Agess was not only fighting for the physical preservation of Native Americans. He wanted to preserve their culture, their way of living, which were both already on the precarious brink of total extinction due to the white people. This reminded me of Zitkala Sa and Sarah Winnemucca's autobiographies; both places tremendous emphasis on how the white people "kills" the Indian in spirit. Included in this journal entry is something I came across in a photography class. This is an old photo taken by a certain photographer; his job was to take photos of the Native Indians, especially young ones, before and after they attended school that the white people set up. True, they fashioned him into what a "gentleman" should look like, and yet such transformation is unbearable to watch. How much punishment and spiritual torture did this student endure before he was transformed into this appearance? He lost the use of his language, his native clothings, his touch with his culture and lifestyle...in essence he became yet another victim of an evil machine designated to crush the Indian within every Native American. There is no Native American Problem, just as there is no Negro Problem. The only problem seems to lie solely with that of the white man.

Tuesday, October 27, 2009

Rip Van Winkle

Michael Fong
ENG 48A
Journal #11 Washington Irving
October 26, 2009



"Having nothing to do at home, and being arrived at that happy age when a man can do nothing with impunity, he took his place once more on the bench, at the inn door, and was reverenced as one of the patriarchs of the village, and a chronicle of the old times 'before the war.' It was some time before he could get into the regular track of gossip, or could be made to comprehend the strange events that had taken place during his torpor. How that there had been a revolutionary war-that the country had thrown off the yoke of old England-and that, instead of being a subject of his Majesty George the Third, he was now a free citizen of the United States." (Irving 964)







"'Irving is much over-rated', Poe wrote in 1838, 'and a nice distinction might be drawn between his just and his surreptitious and adventitious reputation—between what is due to the pioneer solely, and what to the writer'. A critic for the New-York Mirror wrote: 'No man in the Republic of Letters has been more overrated than Mr. Washington Irving.'"


















After spending twenty years in a deep slumber, Rip Van Winkle awakes to the realization that he had been asleep for two decades, instead of what he thought to be a mere night. He returns to the village, and is initially confused over the new surroundings. Eventually, he settles down once again, and gets used to the new America; at the same time he sheds off the notion that the country is still being ruled by a monarch.

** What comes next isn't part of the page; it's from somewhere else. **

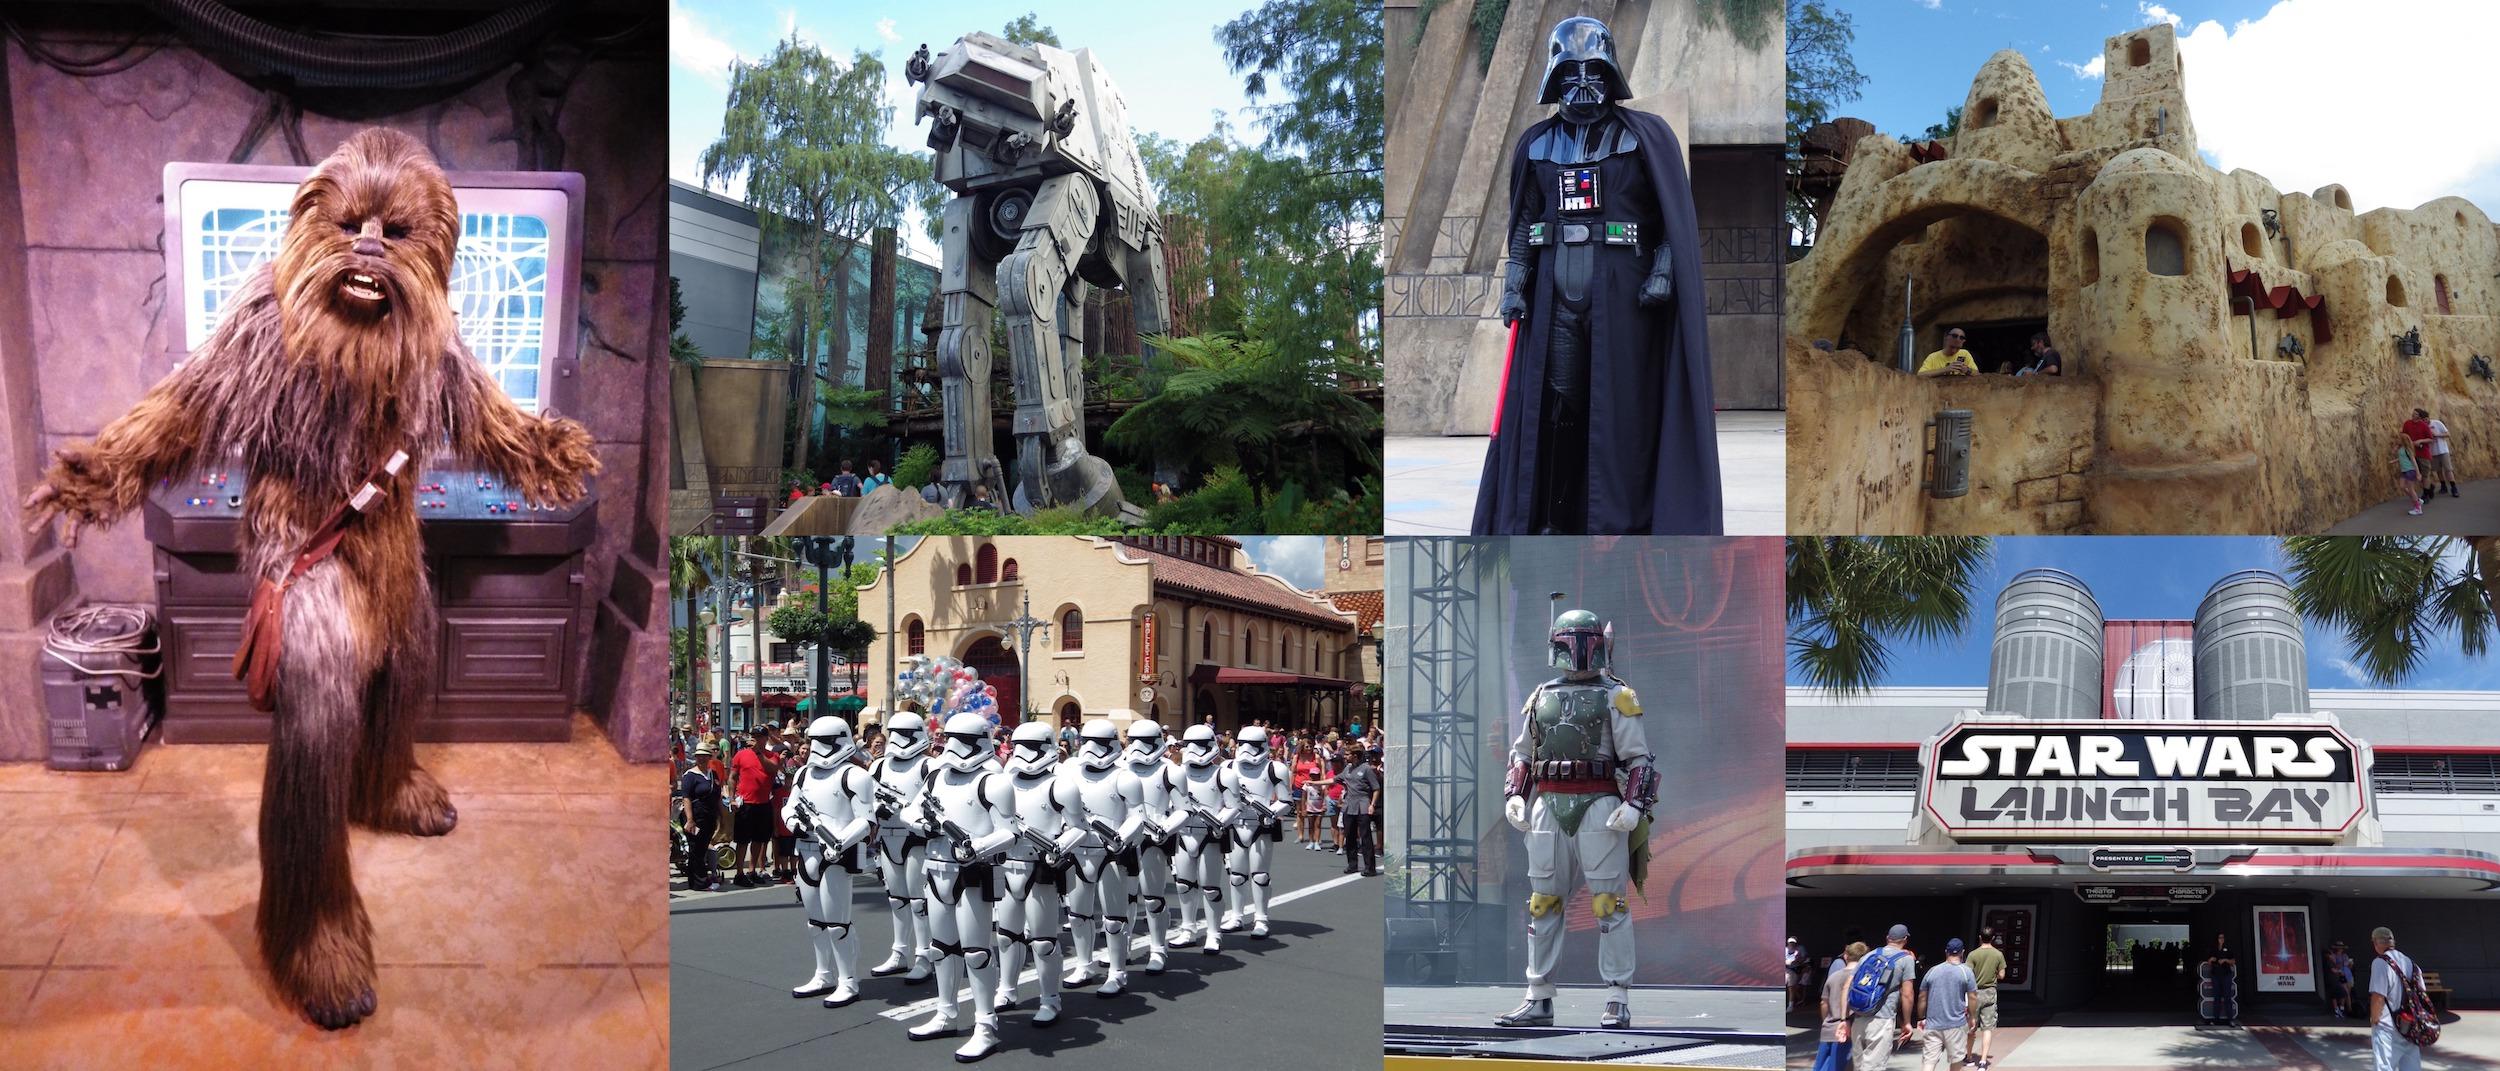 Hollywood-Studios-Star-Wars-001-3x7.jpg

It was last quarter, I think, when I mentioned that I once lived in an area in Hong Kong where there are trees growing around, and a big park near the neighborhood. Sadly, due to construction work and the expansion of transportation networks, the park, and ultimately the green wildlife began to disappear before my very eyes. While it may be very heart-rendering, the change never hit me in the face until I compared photos that I took in a similar location a few years before and after. Irving, in "Rip Van Winkle", is in essence doing the very same thing. By "abducting" a man from the time when Britain still ruled and then placing him in the beginning of the United States, he successfully captures the alienation and extreme shift in the structure of the government. For the people who went through this change personally, while they may be aware of such change, the fact that they were living in the moment makes a less impressive narrator than Rip, who missed entirely the whole changing process and only got to witness the start and end products.


Poe mentioned that Irving is overrated. Is he, though? True, he may be retelling a story that has already been created, but does that necessarily make Irving an overrated writer? Who else borrowed stories, reconstructed the elements, retold them, and eventually gained international and critical acclaim? None other than Shakespeare himself. The story of Romeo and Juliet, for instance, is another version of an earlier story written by another writer eighty years before Shakespeare came up with the play. It was not original. But for Irving to retell the story with such eloquent style and to make it resonate with the historical context at that time is in itself an art.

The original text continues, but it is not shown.